By the RAAS and natriuretic peptides
What are the roles of the Chloride in the ECF?
1) contributes to the osmotic gradient between ICF and ECF.
2) Provides electroneutrality by balancing cations (follows sodium)
3) Propre hydration
4) Acid-base balance
Characteristics of Aldosterone?
1) It’s a steroid hormone of the Adrenal cortex
2) Stimulated by Angitensinn II
3) Reabsorption of Na2+/secretion of K+ by distal tubule
Characteristics of Natriuretic Peptides?
1) Comes from the heart when stretched
2) Decreases tubular reabsorption of sodium and promotes urinary excretion of sodium
3) 2 types: arterial natriuretic and brain natriuretic peptides
If you have too much volume, which natriuretic peptide is more prevalent?
ANP
What is Antidiuretic Hormone (ADH)? How does it work?
1) ADH aka argentine-vaopressin is secreted when plasma osmolality increases or blood volume decreases and BP drops. ADH stimulates thirst and water drinking, stimulates the posterior pituitary to release ADH and increases reabsorption in distal tubules.
Basic causes of Hypernatremia?
1) Excessive dietary intake
2) Over-secretion of aldosterone
3) Water loss
Manifestations of Hypernatremia?
1) Convulsions
2) Pulmonary edema
3) Hypotention
4) Tachycardia
Basic causes of Hyperchloremia?
1) Hypernatremia
2) Bicarbonate deficit
Basic causes of Hyponatremia?
1) Excess water accumulation in the body
2) Loss of sodium via vomiting or diarrhea, diuretics, polyuria (i.e. diabetes), acidosis (i.e. low aldosterone)
Manifestations of Hyponatremia?
1) Lethargy
2) Headache
3) Confusion
4) Apprehension
5) Seizures
6) coma
Treatment for Hyponatremia?
1) Treat underlying disorder
2) Restrict water intake
Treatment for Hypernatremia?
Isotonic salt-free fluids
Effects of hyponatremia on cells?
Causes swollen RBCs which have decreased oxygen-carrying efficiency and can be too large.

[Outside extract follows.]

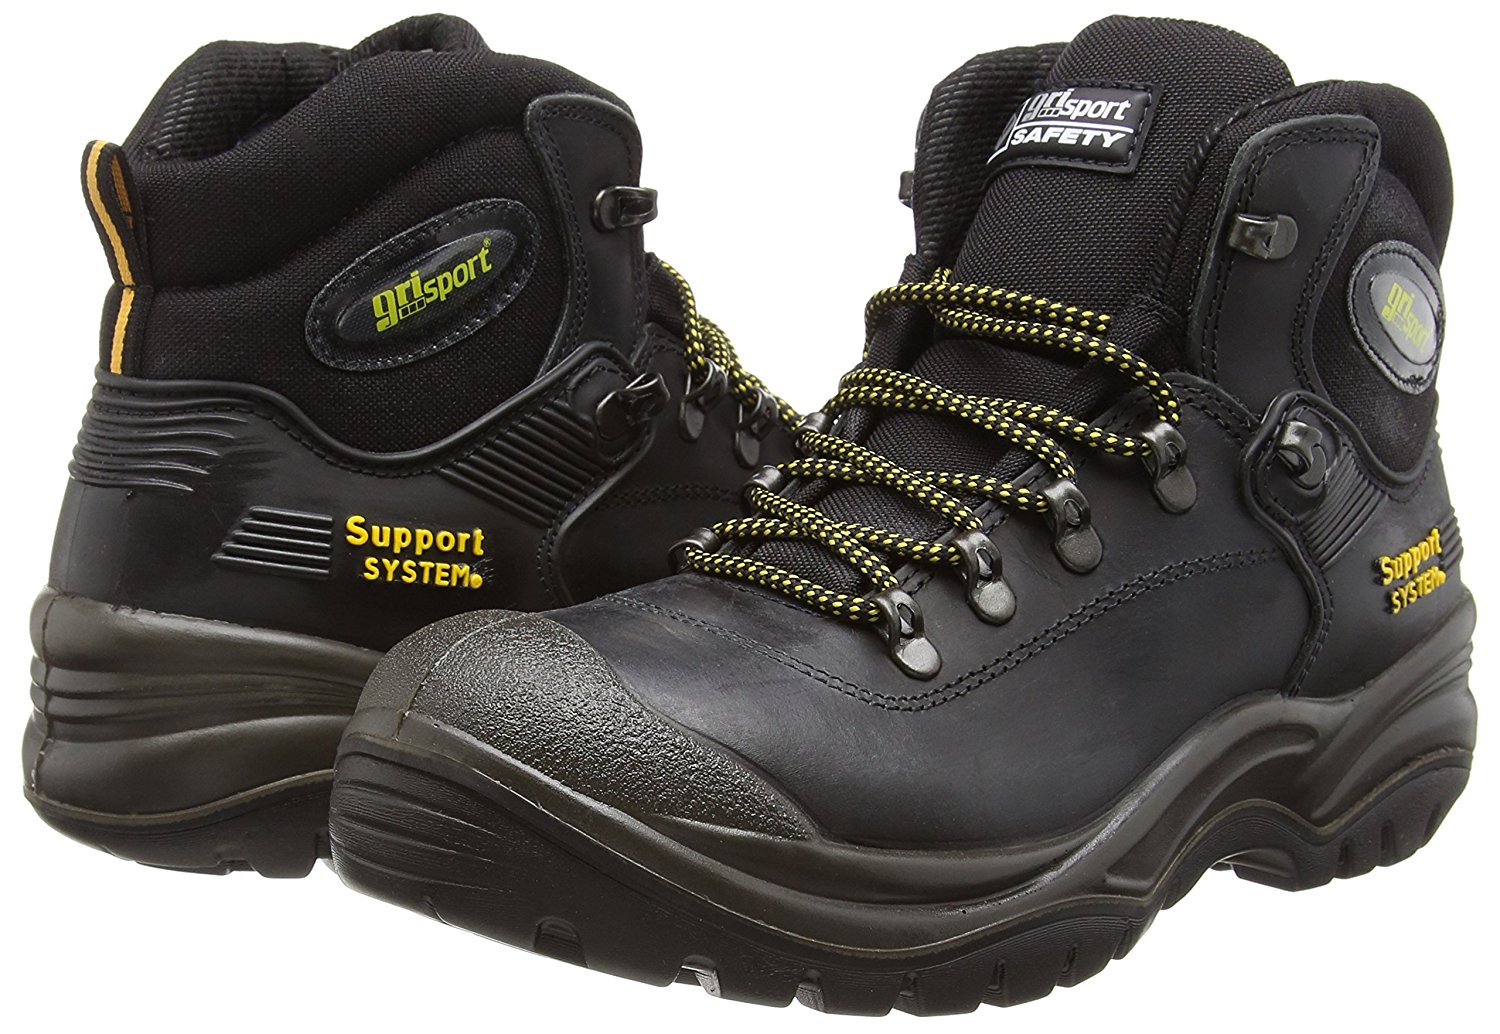 Gri Sport Contractor Safety Boot S3

Causes swollen neurons which leads to damage or death
Basic causes of Hypochloremia?
1) Hyponatremia
2) Vomiting
3) Metabolic alkalosis
4) Cystic fibrosis
(T/F?) In general, K+ and Na+ move in opposite directions via sodium/potassium pumps?
True
Roles of Potassium as an ICF ion?
1) Maintains concentration via Na+/K+ pump
2) Establishes the resting membrane potential
3) Transmission and conduction of nerve impulses, normal cardiac rhythm
4) Responsible for Skeletal and smooth muscle contractions
Basic causes of hypokalemia?
1) Reduced K+ intake
2) Alkalosis causing increased K+ entry into cell
3) Increased potassium loss (polyuria, etc.)
Explain the relationship between pH and levels of potassium in the blood?
When PT is acidotic (too much H+ in ECF) H+ moves into the cell and switches places with the other proton:K+, which goes to the ECF and causes hyperkalemia. (it works vice-versa when PT is alkaloid).
(T/F?) Strenuous exercise facilitates the movement of K+ from the ICF to the ECF?